C. Optimal Threshold for Local Sensors
In Section III-A, we assumed that $\tau_1$ and $\tau_2$ are individual sensor thresholds. It can be seen that $P_D$ and $P_{FA}$ given by Eq.(18) and Eq.(19) are functions of $\tau_1$ and $\tau_2$. Constraining $P_{FA}=\alpha$, $P_D$ can be written as $P_D(\tau_1, \tau_2)=Q(\frac{\sigma_0(\tau_1, \tau_2)Q^{-1}(α) +\mu_0(\tau_1, \tau_2)−\mu_1(\tau_1, \tau_2)}{\sigma_1(\tau_1, \tau_2)}).\tag{30}$
The sensor thresholds are chosen to maximize $P_D$ at a particular value of $P_{FA}$. Hence the optimal sensor thresholds are given by $(\tau_1^*, \tau_2^*) = \arg \max_{\tau_1,\tau_2} P_D(\tau_1,\tau_2). \tag{31}$
First time, the mean $\mu_0$, $\mu_1$ introduced in Eq.(14), (16), on page 3: $\mu_0=N[C_1q_1+C_2q_2+C_3q_3], \tag{14}$
$\mu_1=N[C_1p_1+C_2p_2+C_3p_3], \tag{16}$ where $N$ is constant equal to $100$, $C_1, C_2, C_3$ are constants, and $p_1, p_2, p_3$, $q_1, q_2, q_3$ are probabilities.
Later, the authors assumed that $C_3=0$. I can suppose, that I can rewrite Eq.(14), (16) without the last terms: $\mu_0=N[C_1q_1+C_2q_2], \tag{14'}$
$\mu_1=N[C_1p_1+C_2p_2]. \tag{16'}$
Finally, I can denote $\mu_0=\mu_0(q_1,q_2)$, $\mu_1=\mu_1(p_1,p_2)$, i.e. we have two functions and four variables.

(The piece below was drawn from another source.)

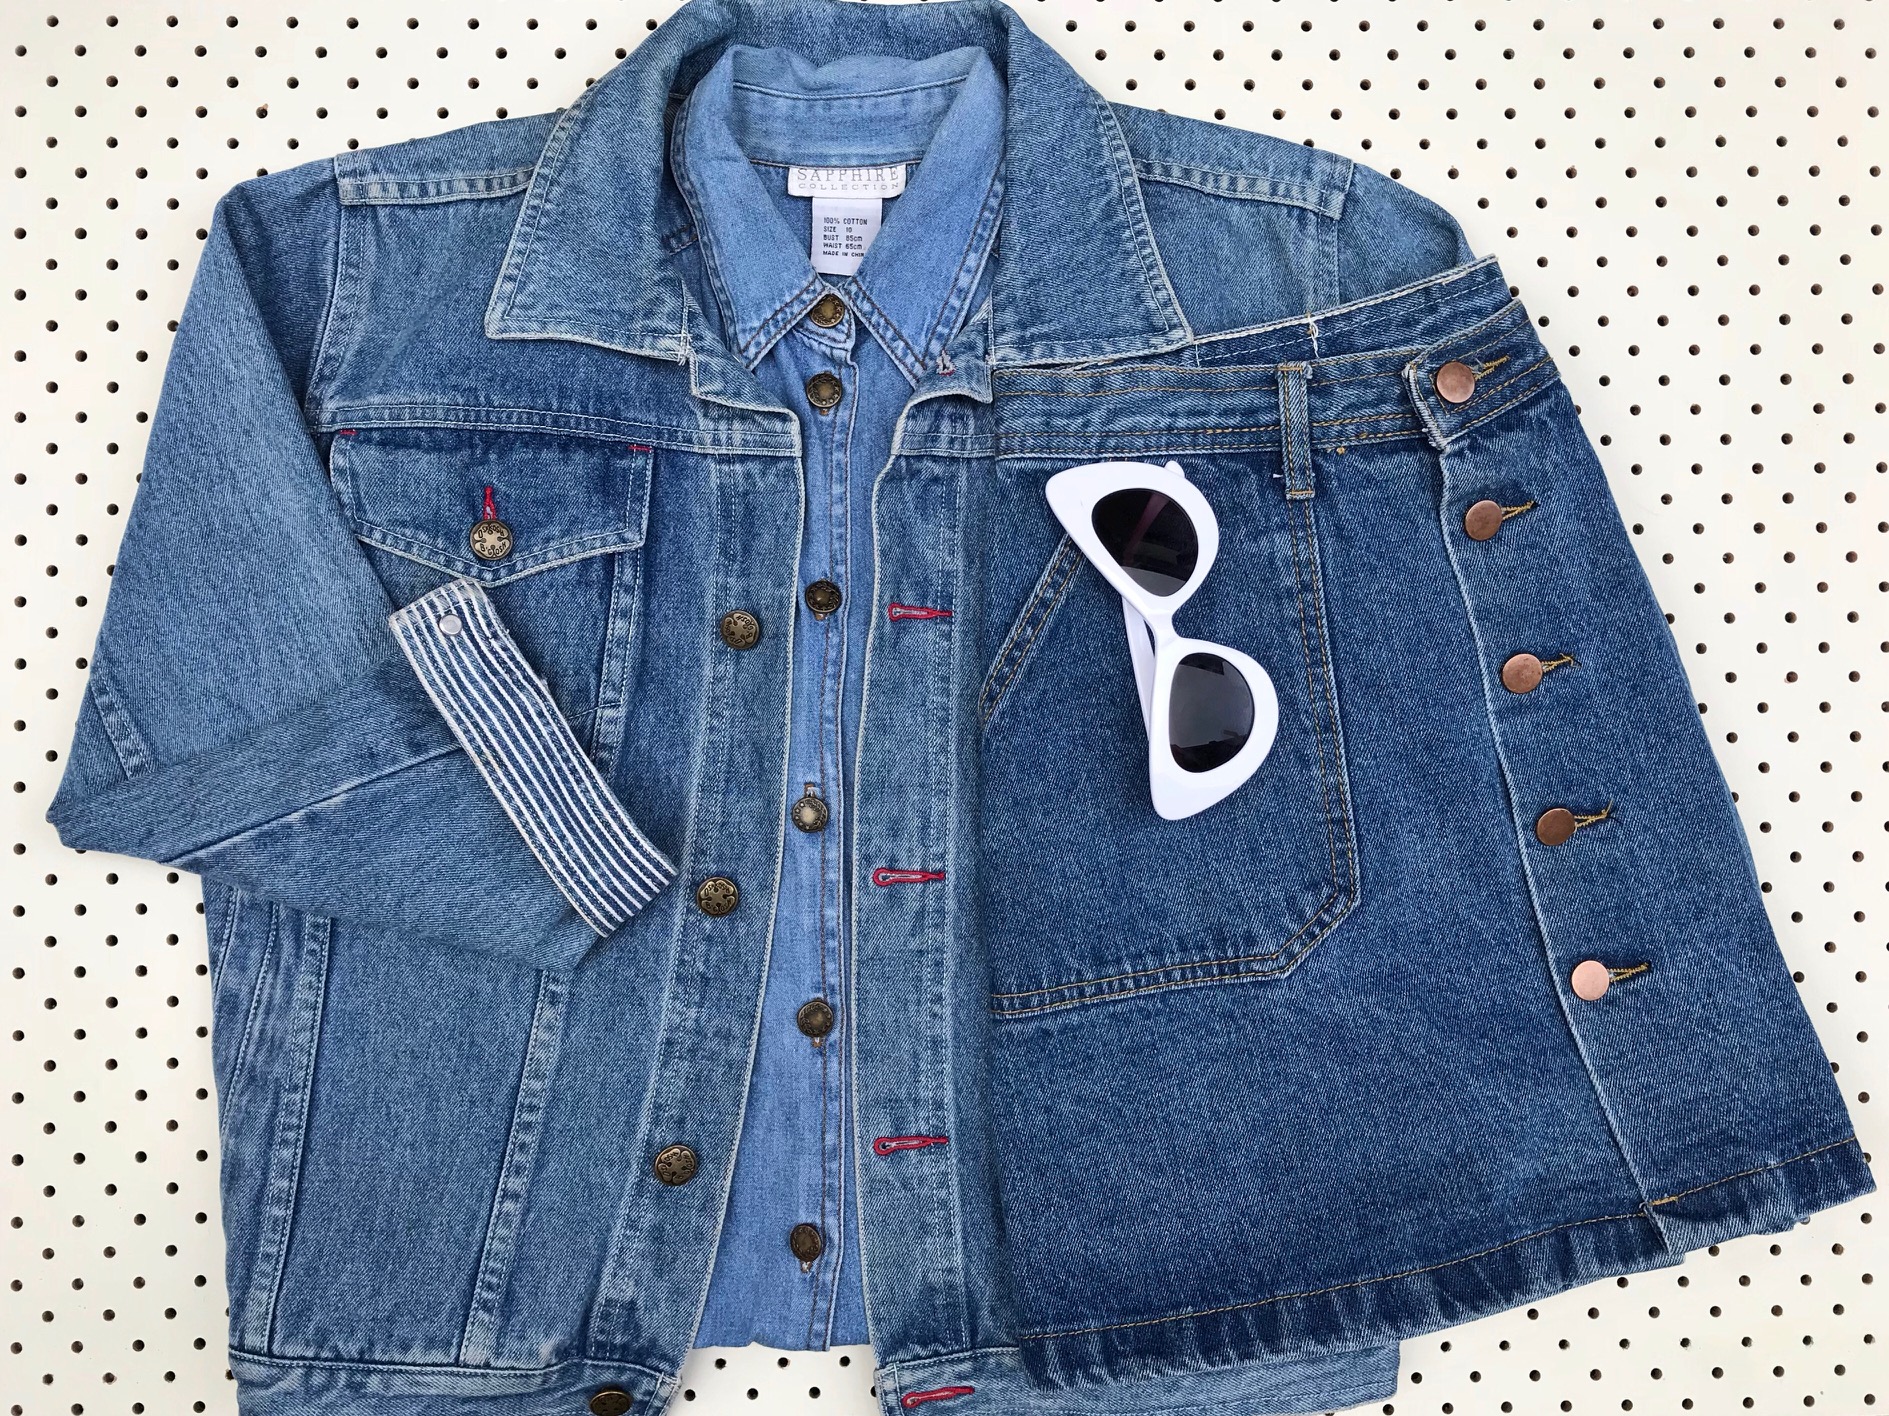 Never ever pay retail and Peppermint: op shopping denim jacket

Question. How to derive the function $P_D$ in Eq. (30) such that the function of two variable $\tau_1$, $\tau_2$ only?
Remark. Should I use the relations: $p_1=1-p_2$, $q_1=1-q_2$ because
$p_1$, $p_2$ and $q_1$, $q_2$ the success probabilities under H1, H0 respectively in the Bernoulli scheme.
I have found the answer on my question. I read again and found that in Eq.(5)-(8), the probabilities $p_1$, $p_2$, $q_1$ and $q_2$ are the functions of $\tau_1, \tau_2$, therefore, I can write $\mu_0=\mu_0(p_1, p_2)=\mu_0(p_1(\tau_1), p_2(\tau_2))=\mu_0(\tau_1, \tau_2)$.